Б е с а в к и н. Вы учите нас на каких-то допотопных сейфах.
Т у р о в е р ц е в. Что? Почему допотопных? Такие сейфы стоят в нашей канцелярии и отлично служат!
Б е с а в к и н. Балалаечку бы вашу послушать, господин Туроверцев.
Т у р о в е р ц е в. Что?
Б е с а в к и н. Балалаечку!..
Т у р о в е р ц е в. Можно, уроки закончены. Вольно. Балалайка или газеты? От перестановки мест слагаемых сумма не меняется… Что? Давал концерты в Бухаресте, в Вене. Русский номер… Парадокс!.. То, что казалось в нашей семье чем-то предосудительным… нонсенс! — балалайка… (Тоскливо дернул щекой.) Сыны человеческие — просто суета. Если положить их на весы, все вместе они легче пустоты…
М а д р ы к и н. Философ!
Т у р о в е р ц е в. Это, милый, мудрость веков… Гм… Так пойдемте. Вон туда, в тенек.
Т у р о в е р ц е в и к у р с а н т ы уходят.
Ф р о л о в. Эй, постой, Сережка…
Р а д е е в. Слушаю тебя. (Он стоит, выставив подбородок и скрестив руки на груди.)
Ф р о л о в. Чудной ты какой-то стал. Перед зеркалом в умывальной головой вертишь. Влюбился, что ль?
Р а д е е в. Повернись, пожалуйста… Вот так… Затылок, подбородок… А у меня? Есть что-нибудь арийское?

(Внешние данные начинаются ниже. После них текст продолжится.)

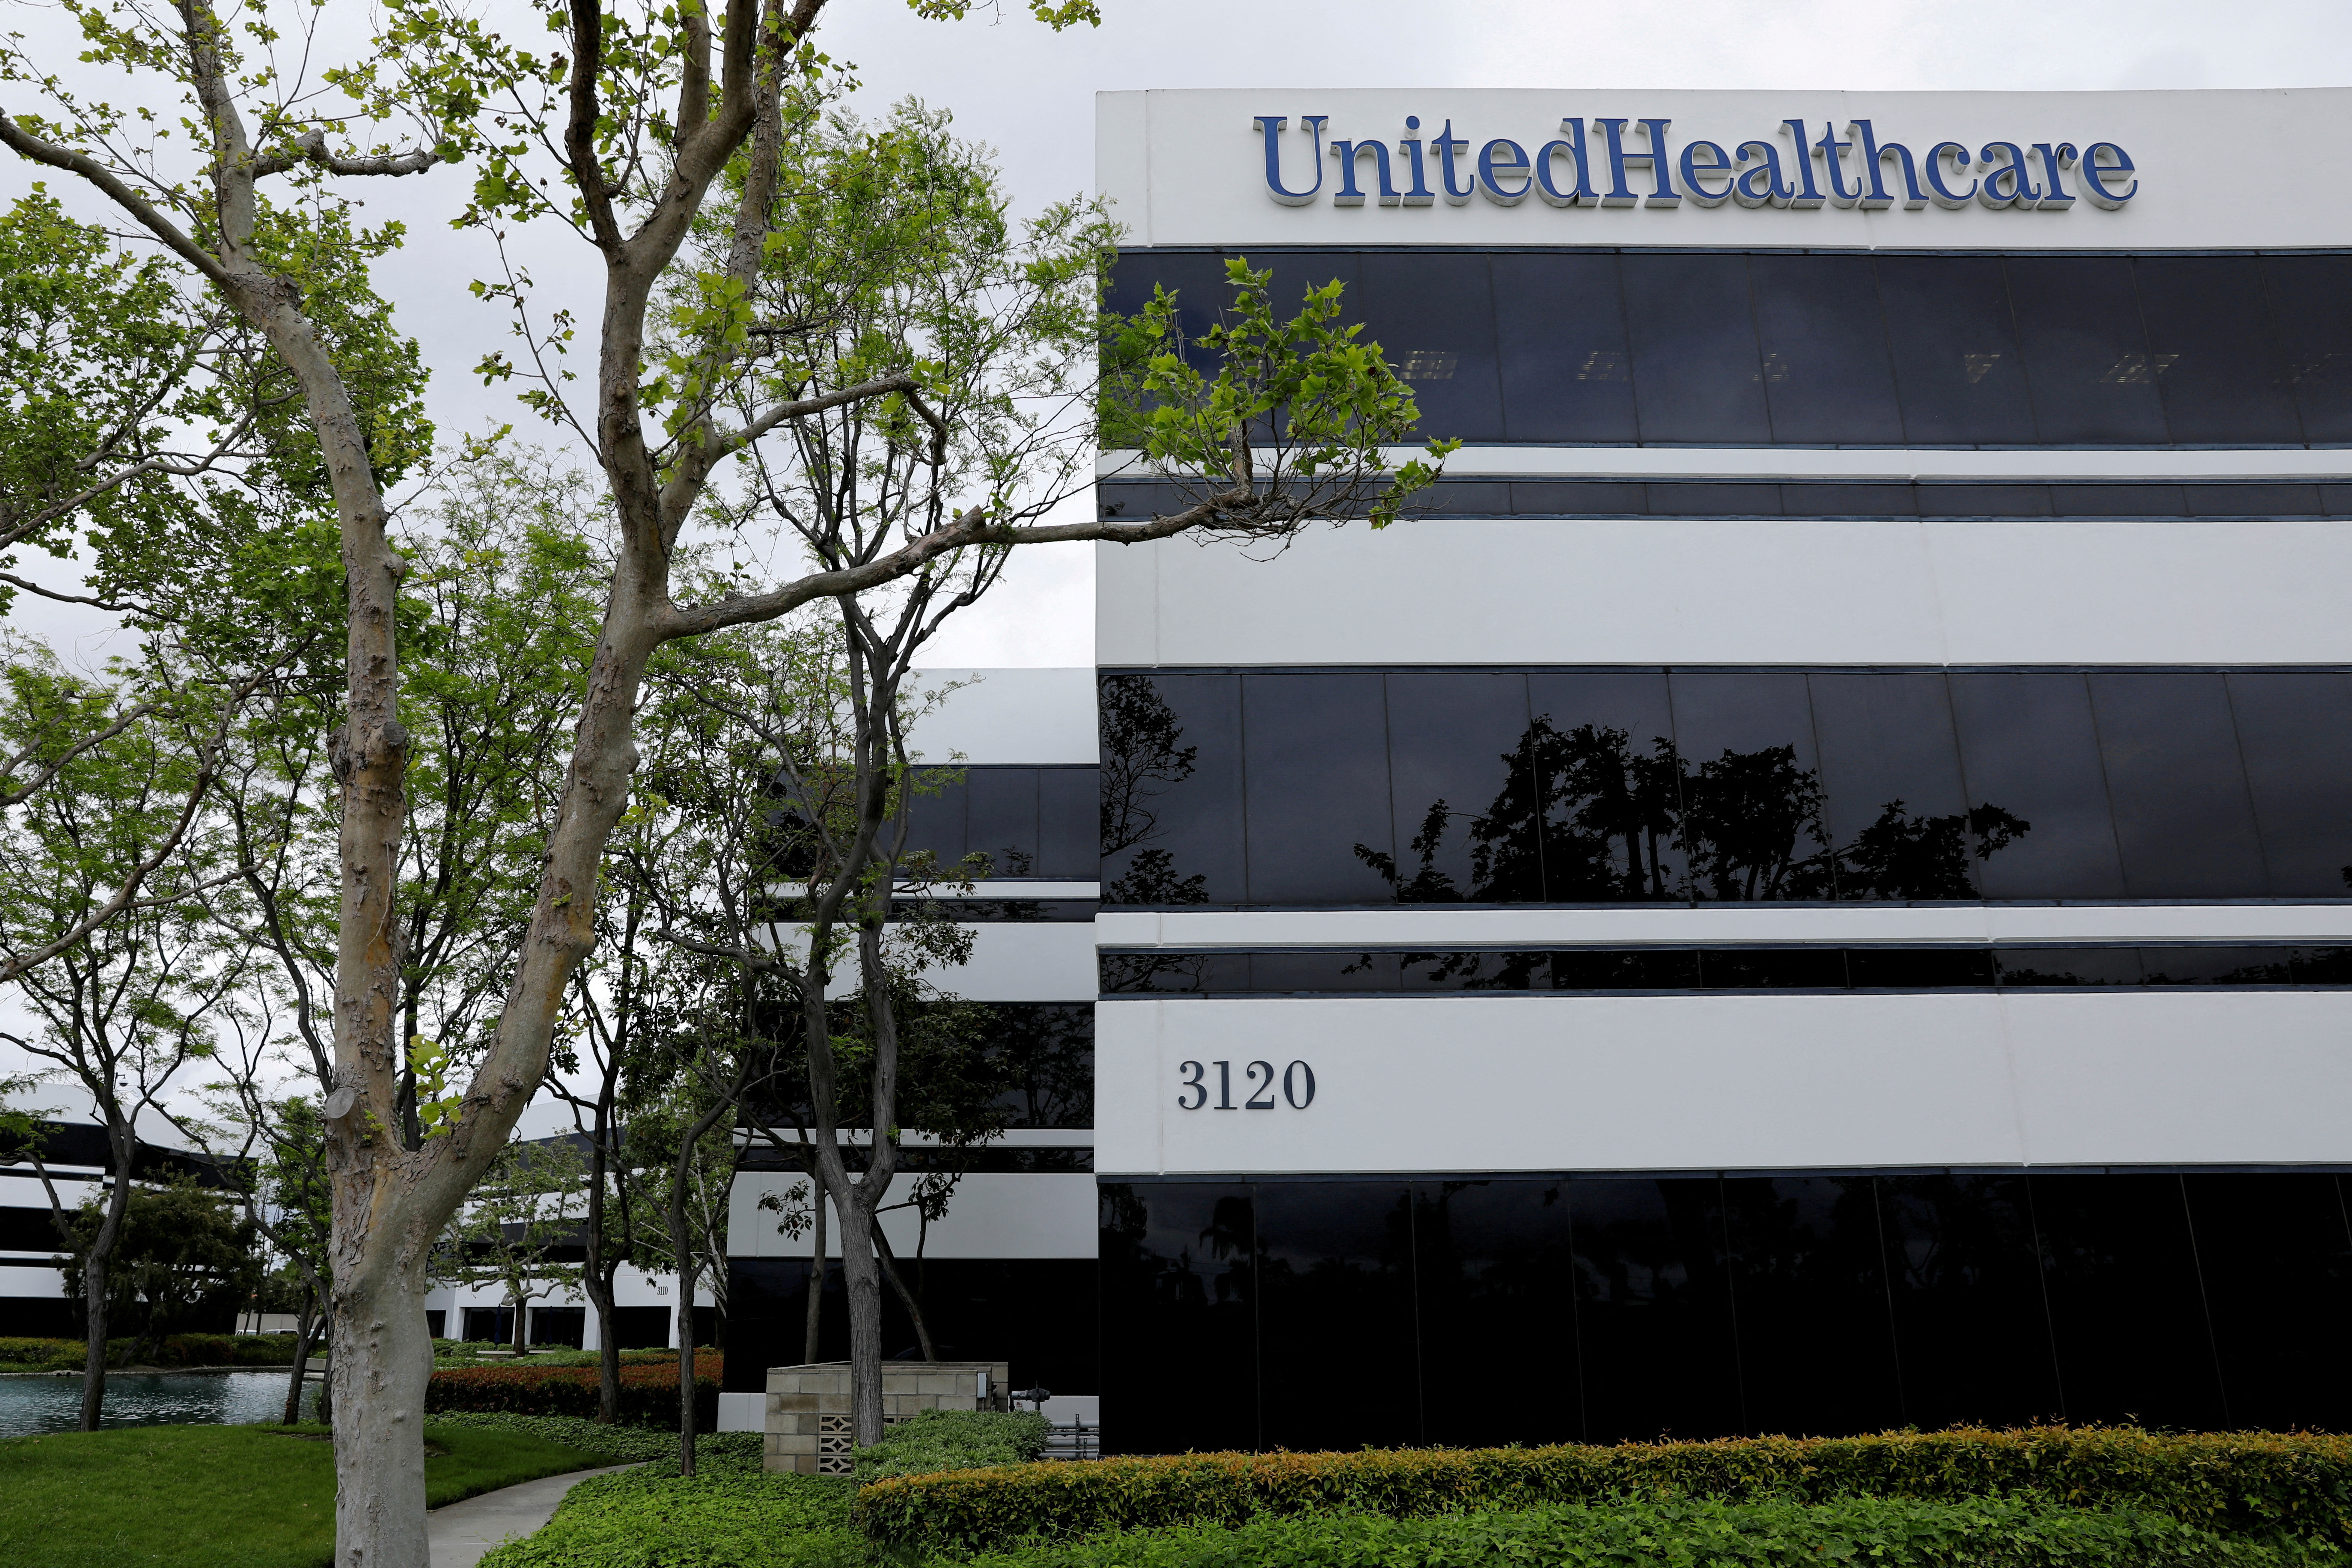 The corporate logo of the UnitedHealth Group appears on the side of one of their office buildings in Santa Ana, California

Ф р о л о в. Чудик! Сколько на твоих, швейцарских?
Р а д е е в. Ты о часах не трепись. Глазастый, увидел.
Ф р о л о в. Ты бывал у Эмара. Даром часы не дают…

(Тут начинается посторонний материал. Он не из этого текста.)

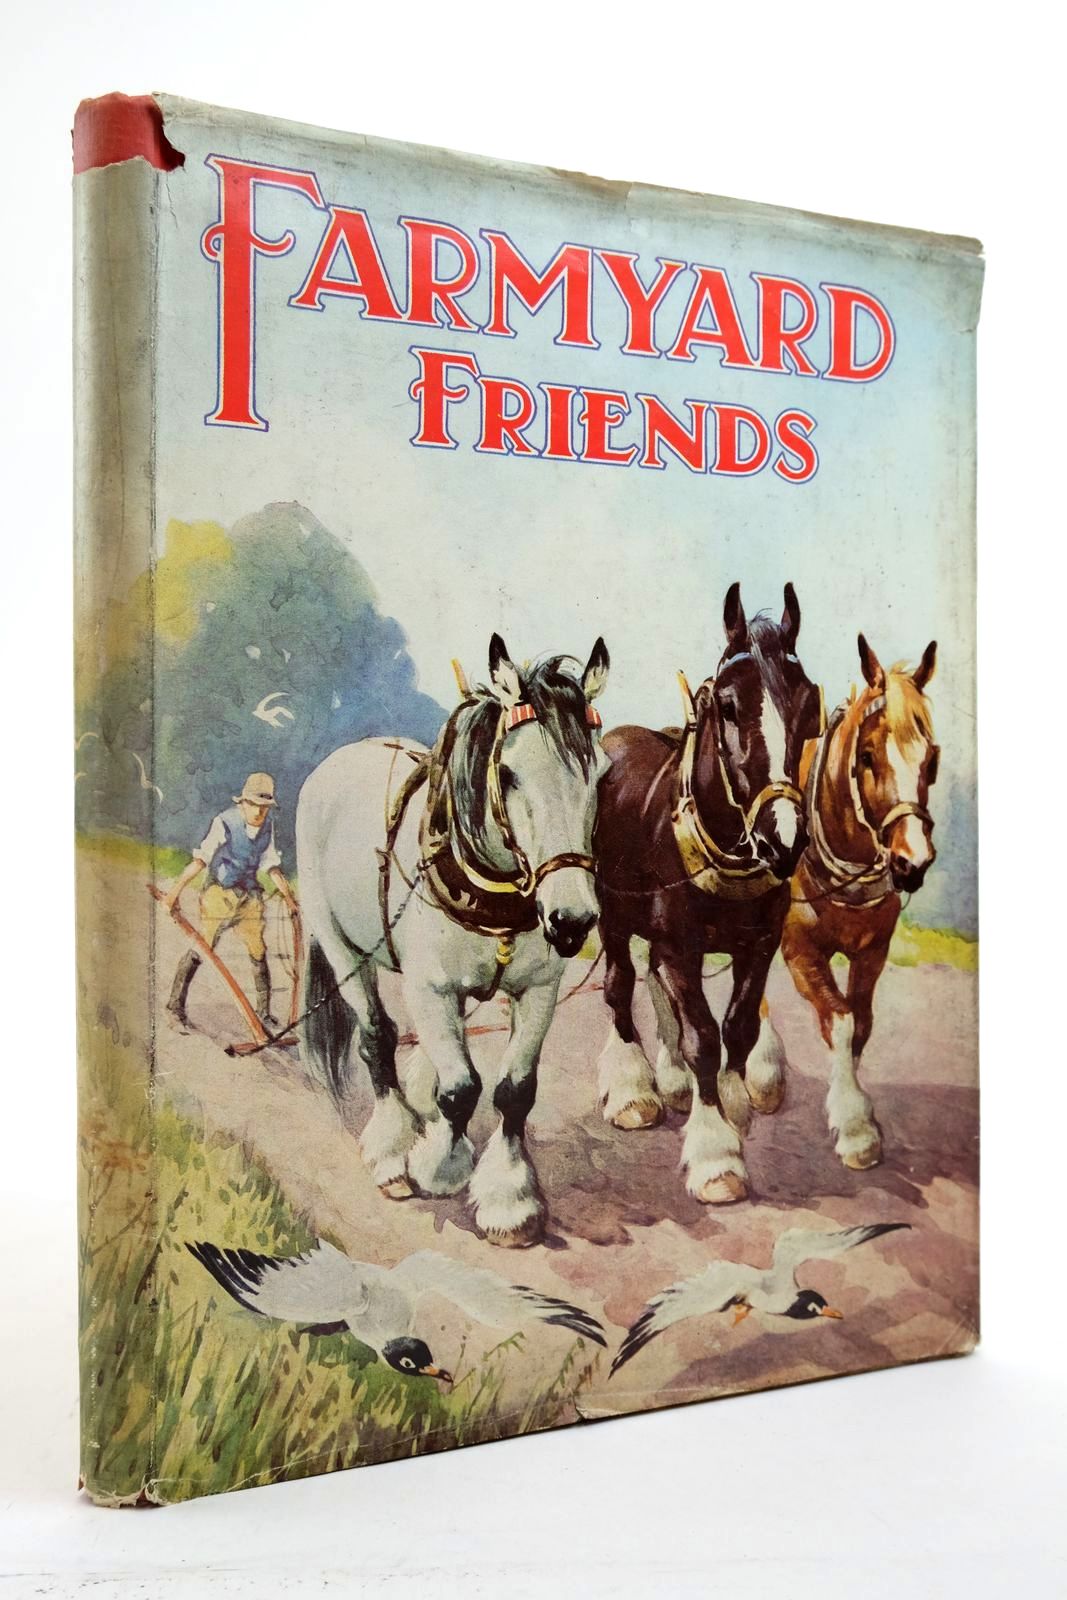 Photo of FARMYARD FRIENDS written by Groom, Arthur illustrated by Kennedy, A.E. published by Birn Brothers Ltd. (STOCK CODE: 2139050)  for sale by Stella & Rose's Books

Р а д е е в. Какого черта за мной следишь?!
Ф р о л о в. Вчера было двадцать седьмое июля. Хотелось посидеть вместе. А ты исчез.
Р а д е е в (смущенно). Прости… Значит, год уже лежали б мои обгорелые кости… Как он, тот «мессер», пристроился мне в хвост. Эх, жизнь развернулась на сто восемьдесят градусов… Никогда не видать нам своего полка.
Ф р о л о в. А уговор?
Р а д е е в. Детские мечты! Такие глупенькие там, дома?.. Здрасте, мы — немецкие шпионы, но только понарошку, а на самом деле — патриоты… Смешно! Девять граммов свинца — и все.
Ф р о л о в. Будешь предавать, отстукивать морзянку, пока не схватят за руку?..
Р а д е е в. Это еще вопрос!
Ф р о л о в. Поймают! Отсюда полетишь ты, но полечу и я… и еще кое-кто…
Р а д е е в. Знаю… Да вот всех ли выпустят отсюда — тоже еще не известно.
Ф р о л о в. Ты — такая дешевка?.. Что ж, начинай с меня!
Р а д е е в. Если б не ты, я и не особенно задумывался б. Все равно… Возвращаться в лагерь прямо в крематорий тоже неинтересно. Жизнь пошла по новому кругу!
Ф р о л о в. Будь человеком. Еще не поздно, Сережка.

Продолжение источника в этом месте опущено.